Regardless, the tariffs themselves will have some immediate downsides for ordinary Americans. The duties are somewhat limited, impacting only a fraction of the approximately $505 billion worth of goods that Americans buy from China on an annual basis. And the fraction that is subject to tariffs consists primarily of advanced industrial inputs and technology, like robotics, automobiles, and heavy machinery. Nevertheless, these are likely to produce some increase in consumer prices. More significantly, Beijing has vowed to retaliate with tariffs on $50 billion worth of American exports, with an eye toward (politically sensitive) agricultural and manufacturing products.

But Trump is (reportedly) not worried by such threats. Even though Xi Jinping is better-positioned to win an extended trade conflict — both because his government can more easily insulate its citizens from the harms of such a conflict through direct intervention in the economy, and because he is more politically insulated from popular backlash to rising prices (what with being the authoritarian leader of a police state, and all) — the president appears to believe that the economic expansion he inherited is robust enough to weather some trade war–induced turbulence.

In fact, Trump hopes to open a new front in that war by the time voters head to the polls this November: According to Politico, Trump has asked the Commerce Department to declare foreign automobiles a threat to “national security” before the midterm elections, thereby enabling him to unilaterally impose a 25 percent tariff on foreign cars. Trump is, ostensibly, convinced that raising taxes on American car buyers would be a big political winner for his party this fall.
And in some districts, that theory could be right. The policy’s immediate impacts will be difficult for many voters to ascertain, while its symbolism will likely resonate with some Rust Belt residents. Further, Democrats have been very reluctant to push back on Trump’s protectionism.

And yet, there’s little evidence that tariffs — particularly, on European and Canadian goods — are a winning issue nationally. In recent days, a Morning Consult poll found a plurality of the American public opposes the steel and aluminum tariffs, while a NBC News/Wall Street Journal survey showed 51 percent of voters saying they would be reluctant to support congressional candidates who back tariffs.

As a substantive matter, the duties that Trump has already enacted aren’t working out too well for the American public. As Catherine Rampell notes in the Washington Post, the president’s tariffs on imported washing machines have already produced a 17 percent increase in the price of laundry equipment in the United States, the highest such spike ever recorded. “When you aggregate all those price increases across the 10 million washers sold annually in the United States, consumers will collectively pay hundreds of thousands of dollars per year for each job supposedly created or saved,” Rampell writes.

But the true genius of Trump’s trade policy lies in its ad hoc, mindlessly uncoordinated nature: Even as the president jacked up washer prices to protect Whirlpool’s market share, he also radically increased the cost of the firm’s primary input with his steel tariffs.

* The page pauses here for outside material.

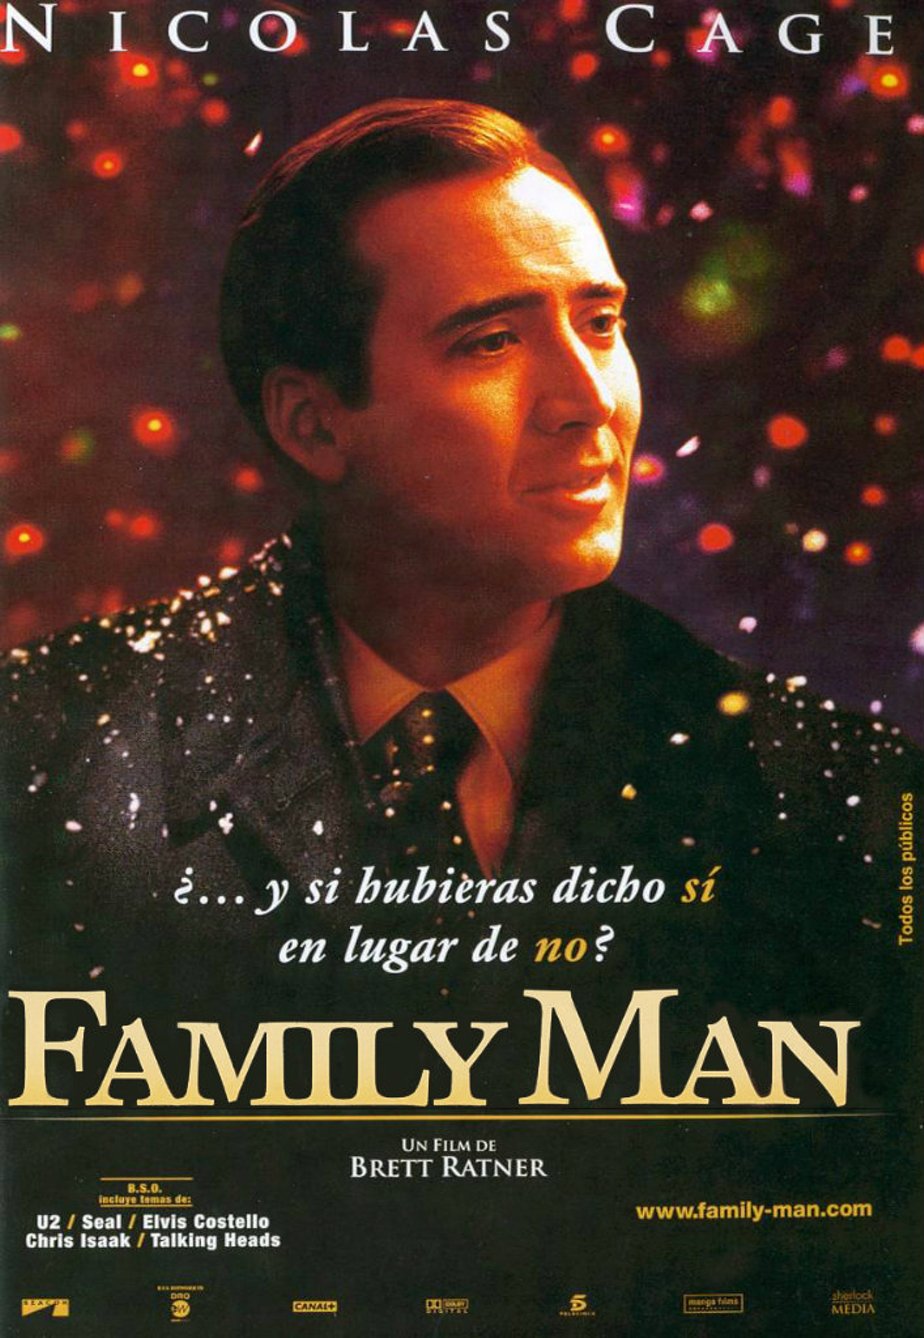 Семьянин год. Семьянин the Family man, 2000. Николас Кейдж семьянин.
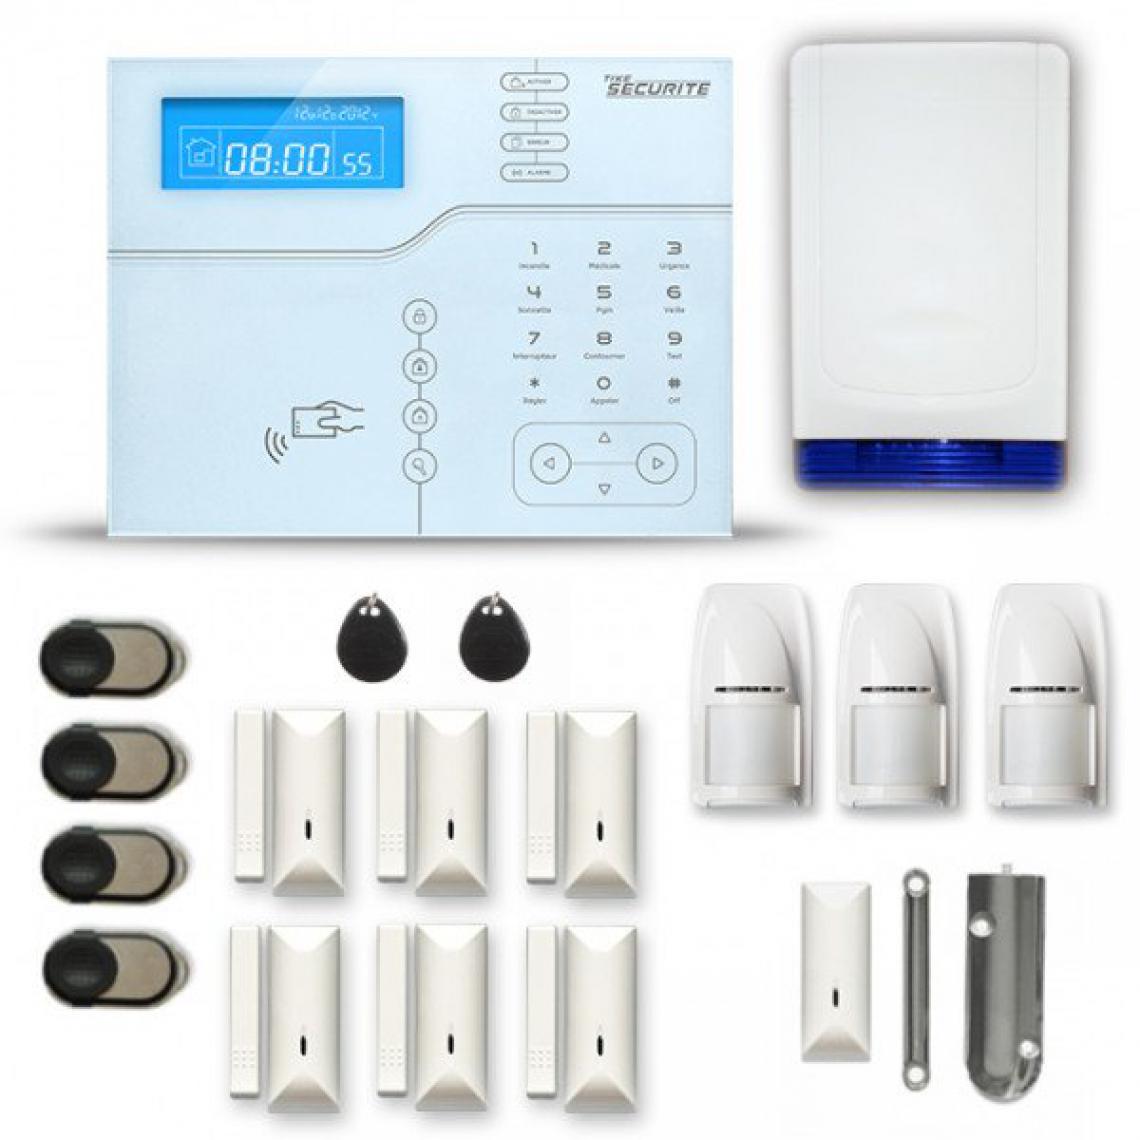 Tike Securite - Alarme maison sans fil SHB57 GSM/IP avec option GSM incluse - Alarme connectée

As a result, the price of steel is now more than 50 percent higher in the U.S. than overseas — which means that, even with the duties on washer imports in place, it’s possible that overseas laundry equipment manufacturers might still be able to compete with domestic ones on price.

All of which is to say: After passing an enormous tax cut for the rich, the president is effectively raising taxes on middle-class consumers, as part of an utterly incoherent and under-researched industrial policy that appears motivated solely by gut instinct and a egoistic desire to demonstrate his nationalistic toughness to a small segment of the electorate.

This seems like something Democrats should mention to voters, especially those in suburban districts with an affinity for foreign cars.